I was frustrated that none of the songs I’d written were particularly memorable or even likable. I couldn’t play them on piano for someone else to enjoy. So I decided to write something simple and traditional.

I had a hobbling case of I-hate-top-forty when I was a teenager, and so I had to be sarcastic about this song: I called it “Tie & Suit” because I thought I was selling out creatively. (OMG the narcissism of me as a 16-year-old!)

Here’s the thing, though: writing a very simple melody with just five chords (I, IIm, IV, V, VIm) and a traditional structure worked! I don’t remember any of the earlier songs, but I remember this one perfectly well.

There’s a lesson in there, though I was too young to learn it.

GarageBand

I’ve been promising myself for years that I would allow myself to start making music again — only this time on a Mac with GarageBand. And so I did, just a few weeks ago. (This is my first time using GarageBand other than recording a couple tracks for James Dempsey last summer.)

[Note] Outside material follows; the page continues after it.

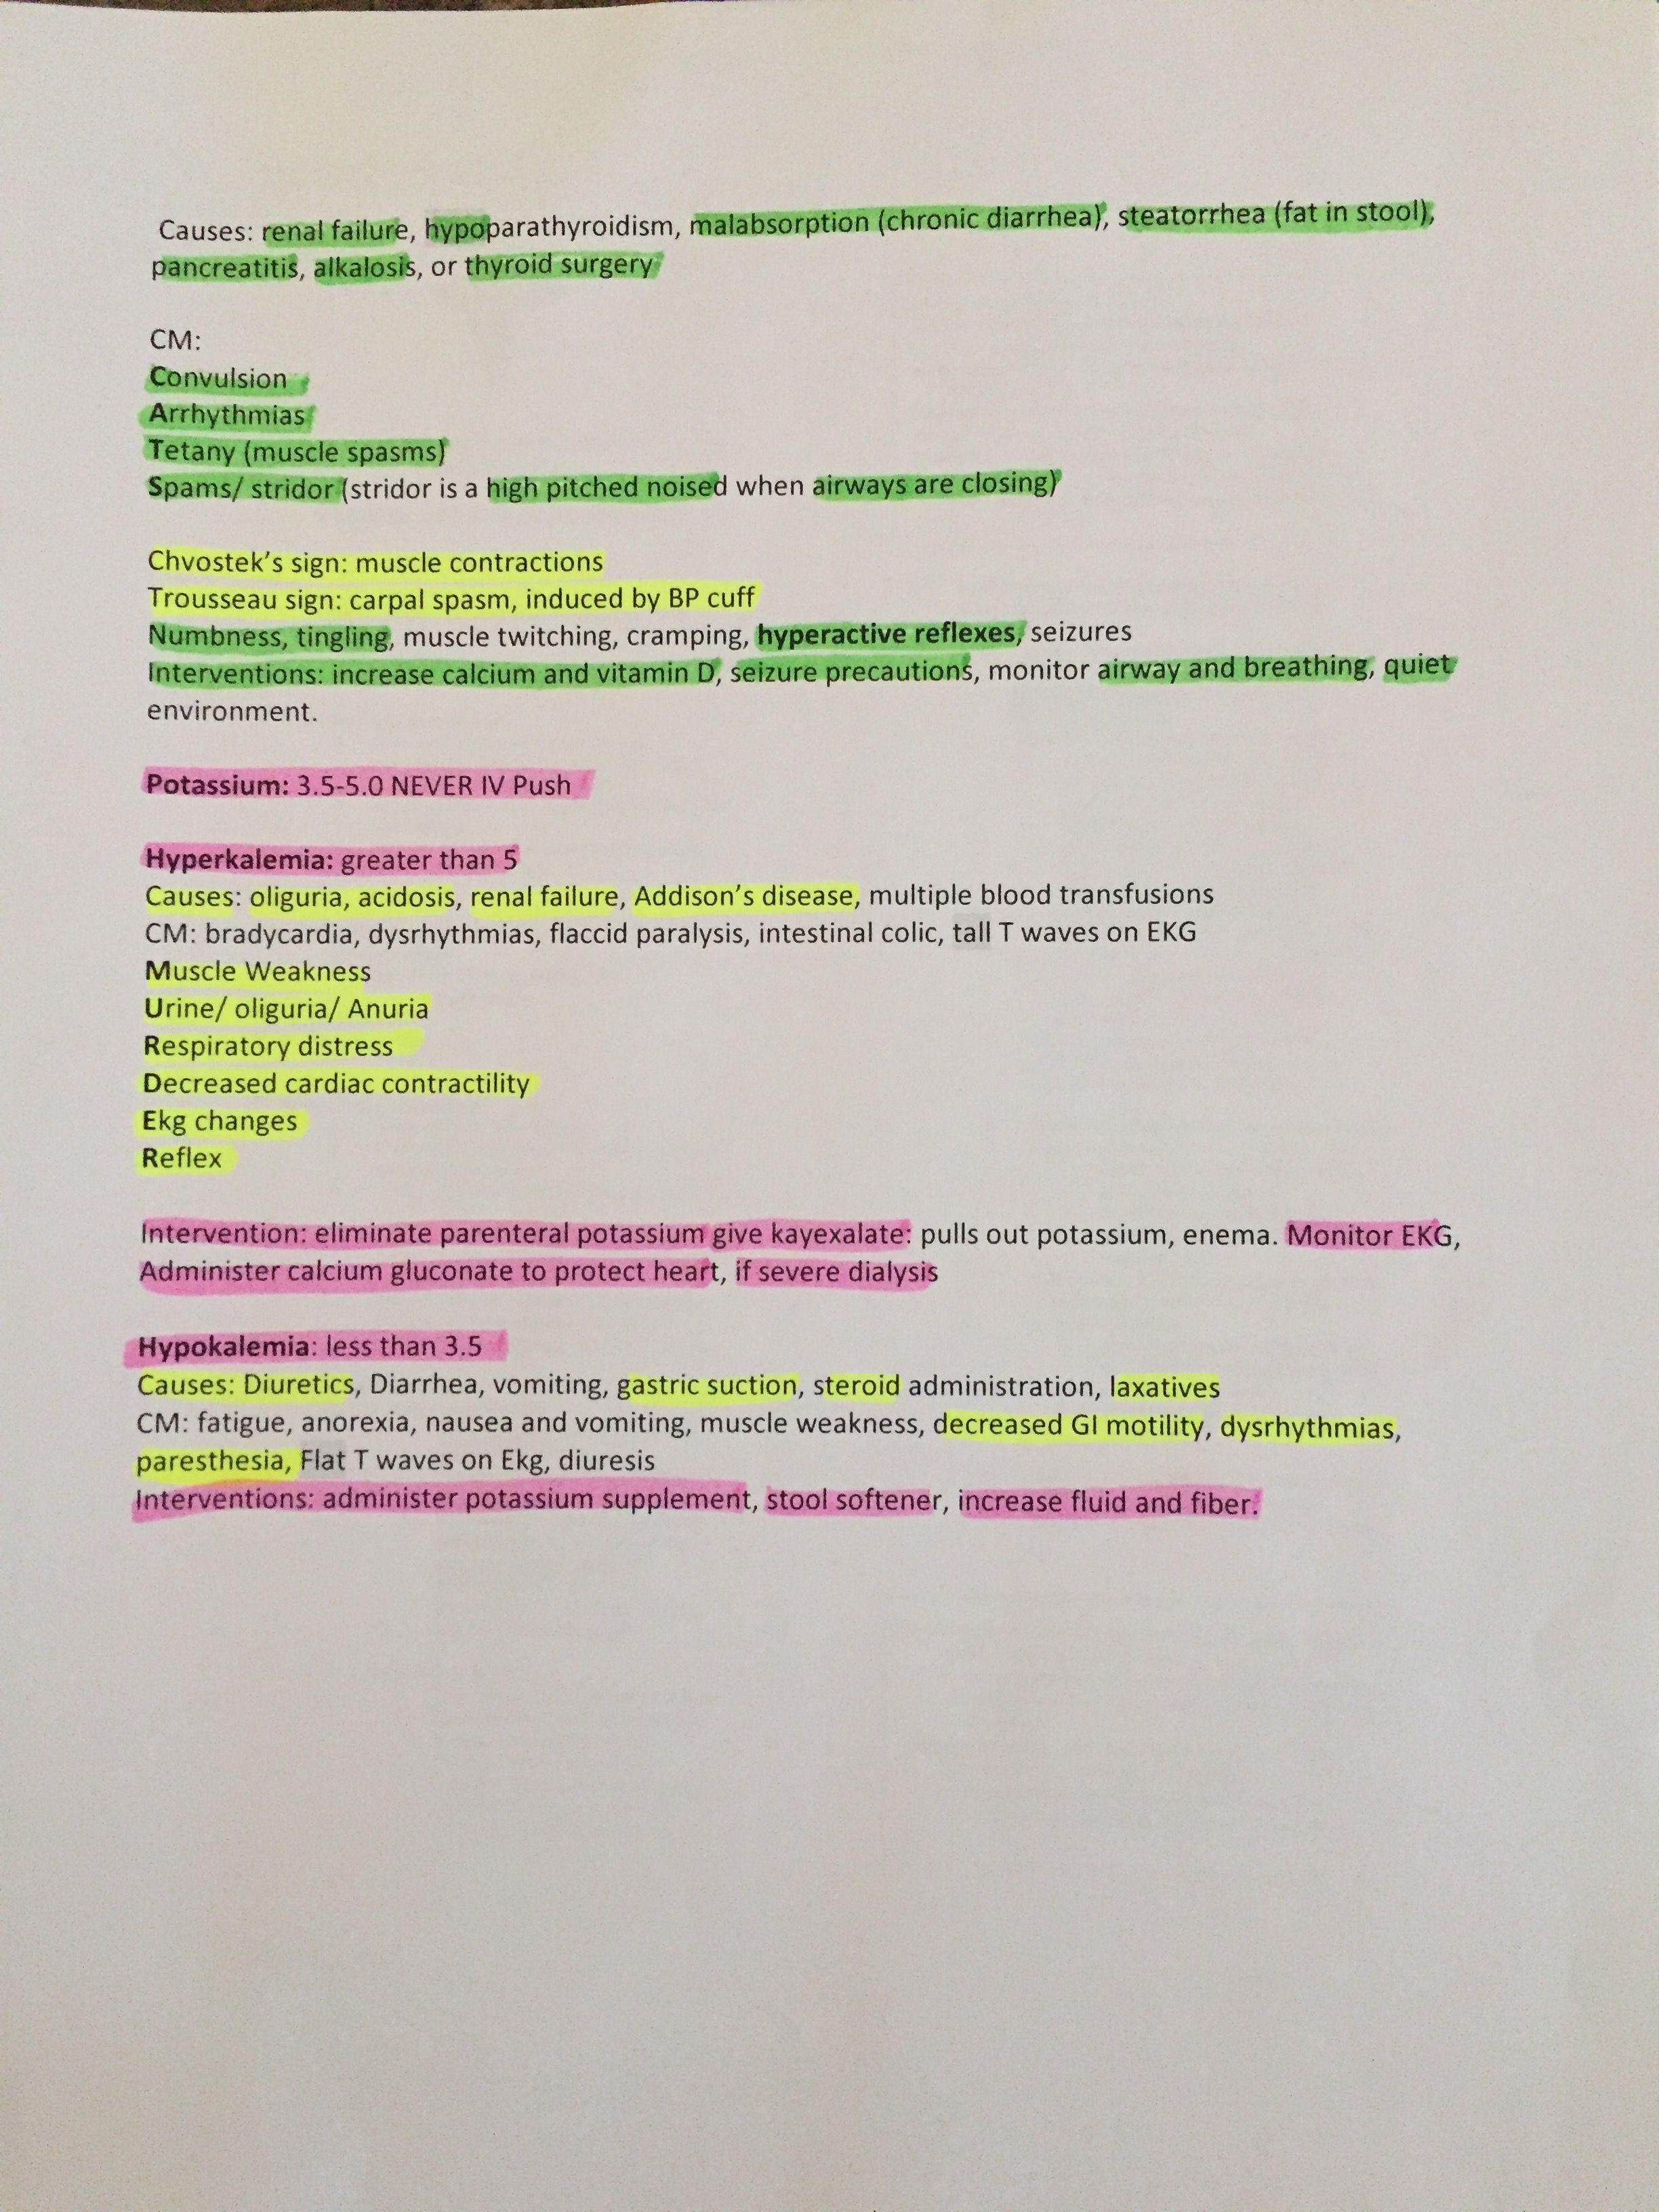 Pin by Amanda Coca on NCLEX Stuff | Nurse life, Fundamentals

I started where I left off, with “Tie & Suit.” Here’s a version where I tried to recreate what it sounded like on my Apple ][ Plus 37 years ago. It still ends up sounding more sophisticated than the original — it’s hard to make GarageBand sound like an early ’80s ALF II. I did my best (short of getting obsessed with it).

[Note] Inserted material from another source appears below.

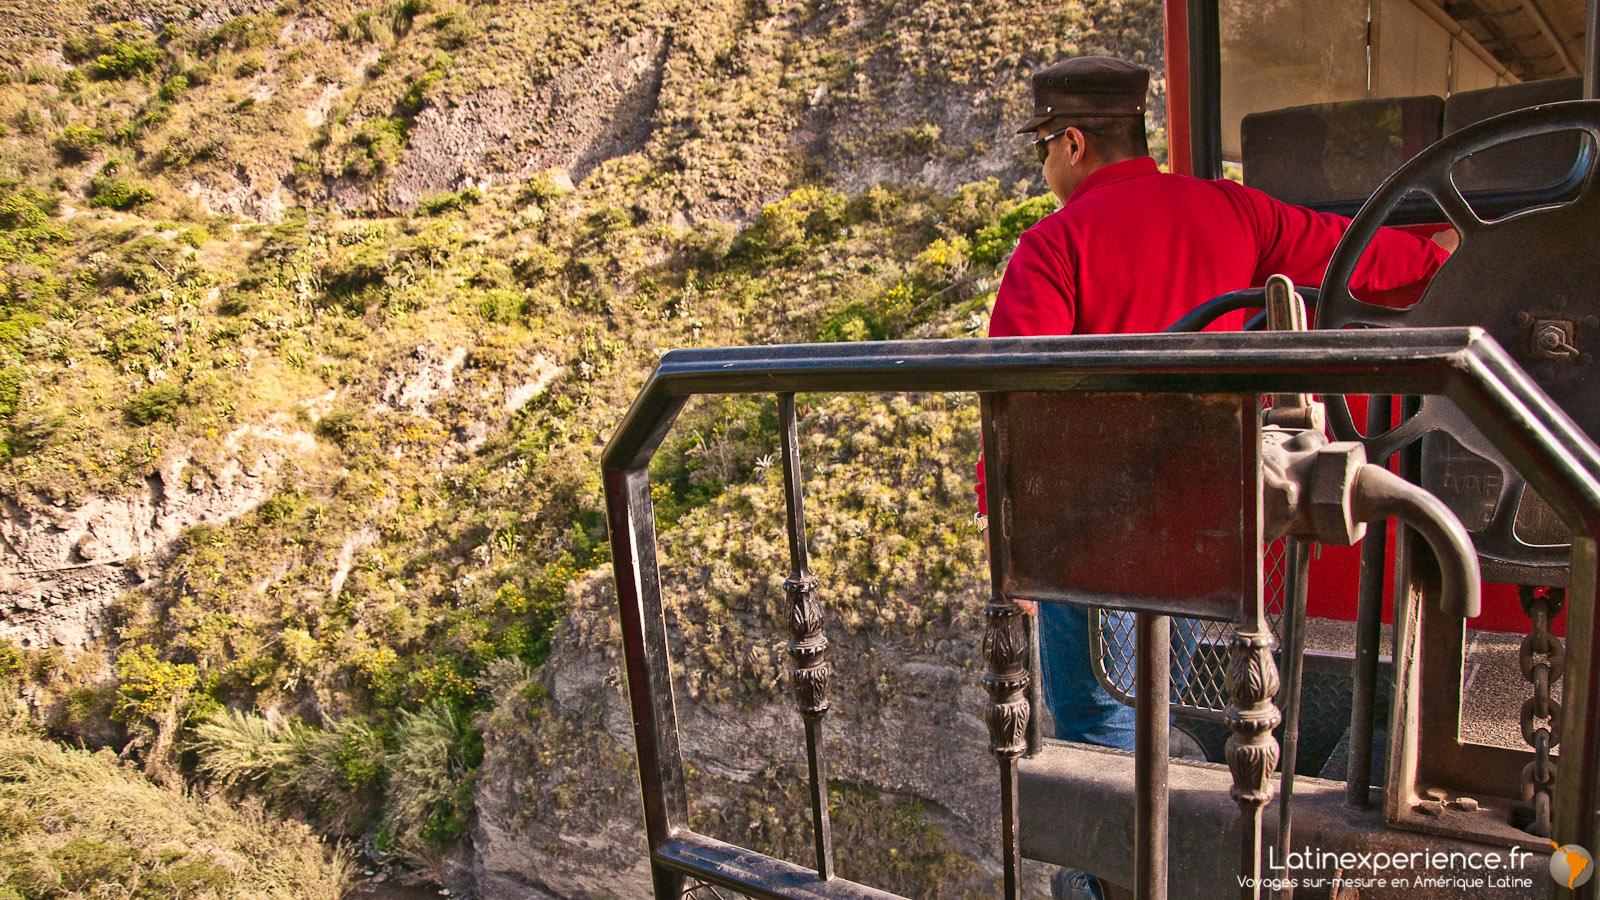 Equateur - Salinas - Train - Latinexperience voyages

Also: it sucks. I know the song sucks. It doesn’t matter! I was 16 when I wrote it, and now I’m learning GarageBand and having fun.

The next thing I did was to try and make a modern version that’s still true to the original. “Tie & Suit 2021” also sucks — but it was so much fun to make!

I am now completely addicted to GarageBand. The pleasure of layering instruments together, picking their parts, and letting it play is every bit as intense as it was when I was 16 on that primitive gear. It’s hard to say that about most things! But this is just fucking wonderful.